Women's Fiction https://www.facebook.com/pages/Find-Read-Love-Womens-Fiction/555814387800567
Young Adults/Teens https://www.facebook.com/pages/Find-Read-Love-Young-AdultsTeens/156098737930297
Zombies https://www.facebook.com/pages/Find-Read-Love-Zombies/226568630833424

*When will your book appear?*
This is manual work. I make sure everything is good, that tags are well-formatted, that your author name is the right one, and that your book is not missing crucial information. Then I schedule it on the website.

Your book promotion on the website depends on how many books are scheduled before yours. I will do a pass every morning (at least I'll try), and schedule all the books, one every hour.
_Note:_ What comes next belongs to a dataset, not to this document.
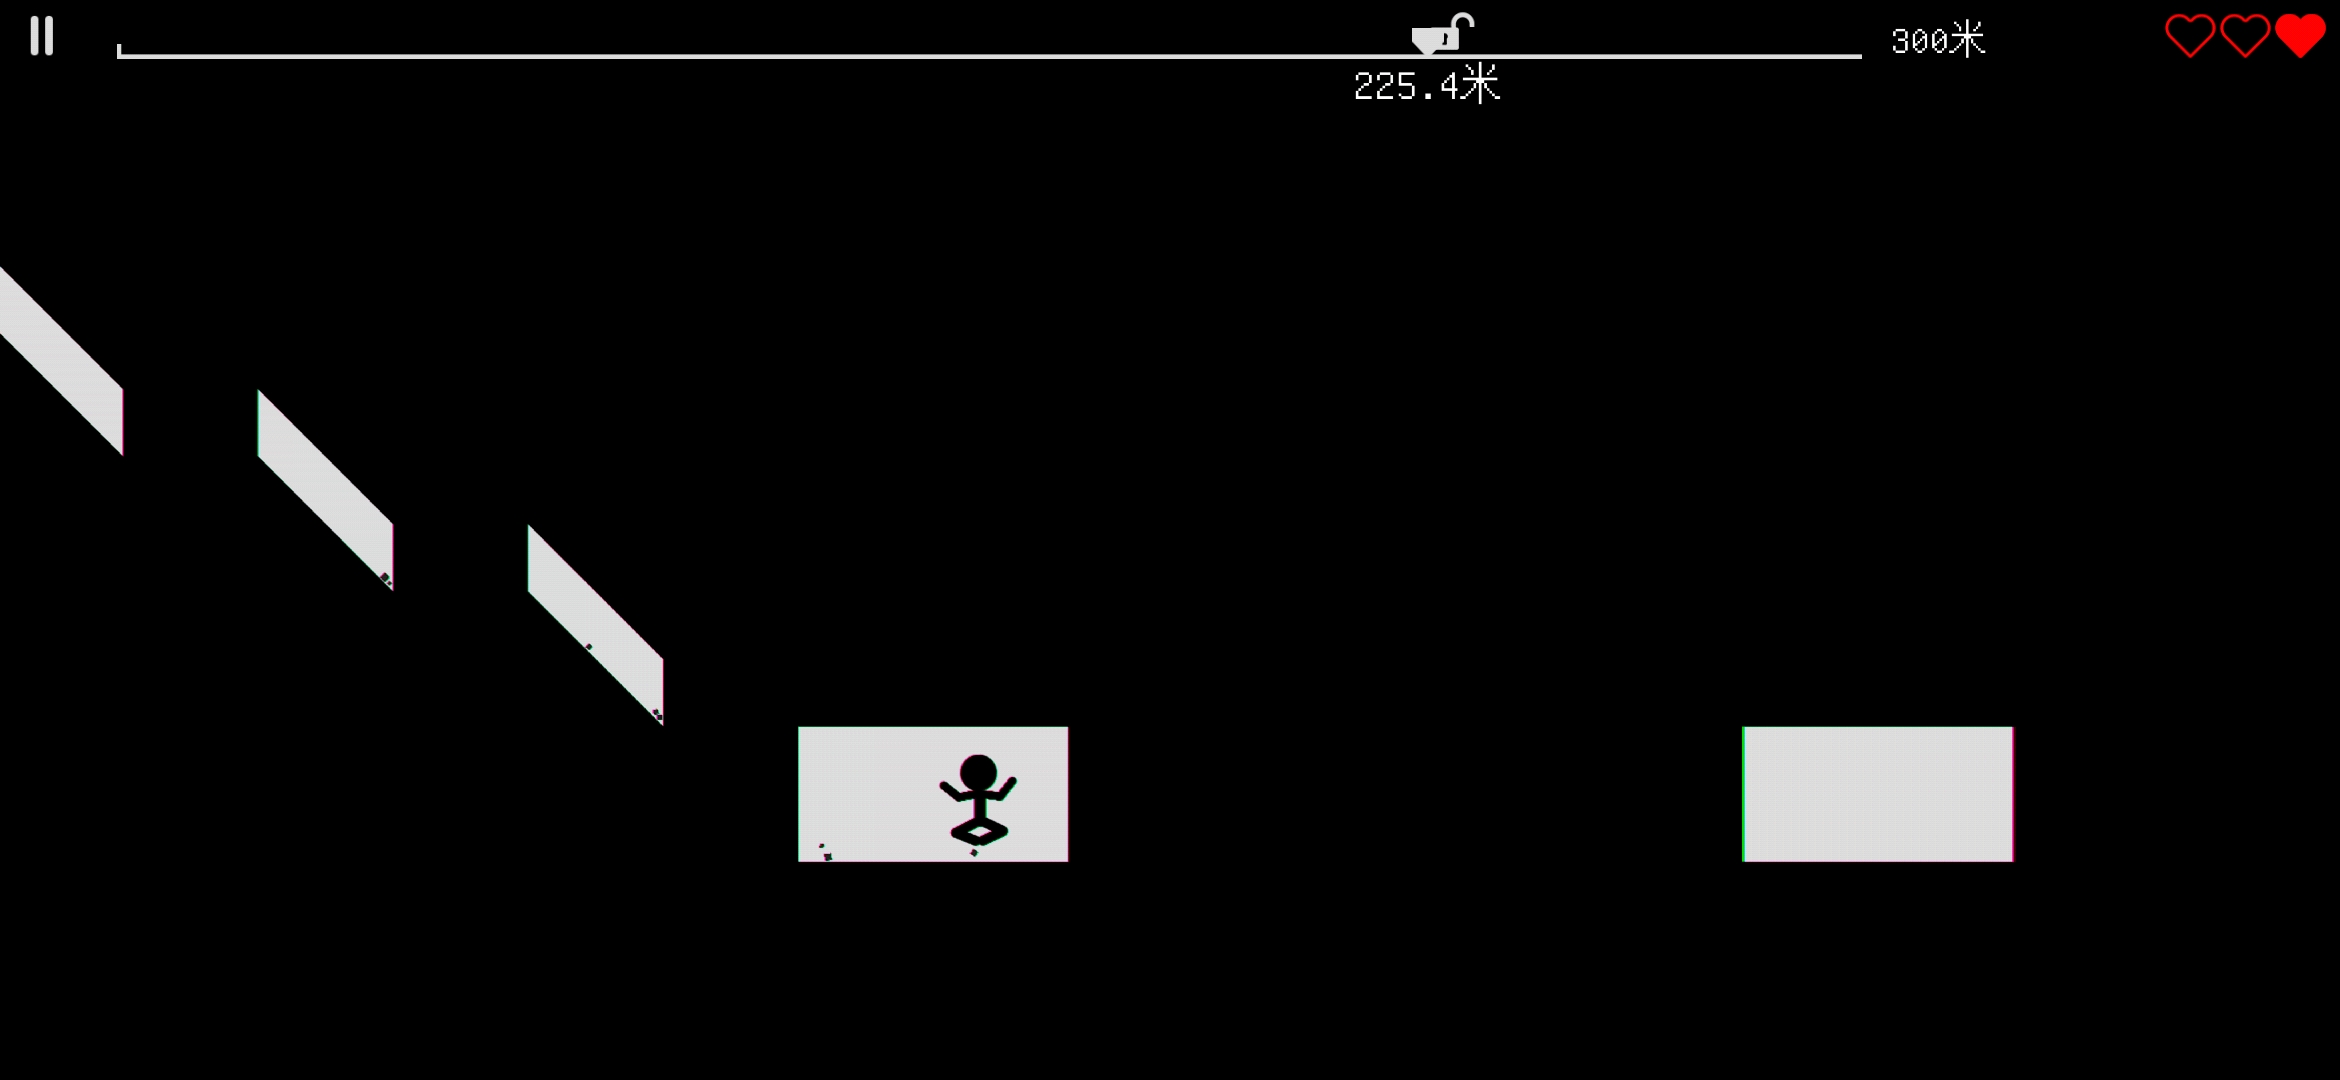 游戏推荐：《跑跑先生X》玩法简单但意外刺激的跑酷游戏

*Find, Read, Love needs your help!*

*Please help me promote your books by adding them to the database!*

Register. I know you guys hate CAPTCHAs, but this is a one-time CAPTCHAs to avoid spam on the book list---it allows me to work on the promoting and the coding of the website instead on focusing on deleting the spam accounts.
Add your e-books. Don't be shy, add them all, I will promote each and every one of them (unless illegal, but that goes without saying!)

For the moment, there are more than 300 people on the main Facebook page. It is still growing organically as time passes, and I will fund ads in the future when possible.

*Spread the book love!*
If you appreciate me promoting your books, please consider:

Letting your fans know about Find, Read, Love by sharing the website's URL, relevant Facebook pages, or Twitter account.
Sharing or re-tweeting when your book is promoted (or the ones of your friends).
Letting your author friends know that they can register and add their books information for free on the website.
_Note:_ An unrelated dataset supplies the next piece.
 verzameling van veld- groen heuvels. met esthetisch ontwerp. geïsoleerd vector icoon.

Thanks a lot to every one of you encouraging me and helping me every day. 
This project is fun, I feel I can give back a little to my indie community and the great fellows at KBoards.

*How does the promotion work?*

Every day, I'll do this routine:

I'll schedule the new books on the website. An automatic tweet from the @findreadlove account should follow. I'll then schedule them on the main Facebook page and each of its genre pages.
I'll promote the 8 Popular Books displayed on the home page. Those depend on how much they have been consulted on the website the last few days.
I'll then choose 8 random books in each genre and will promote each of them.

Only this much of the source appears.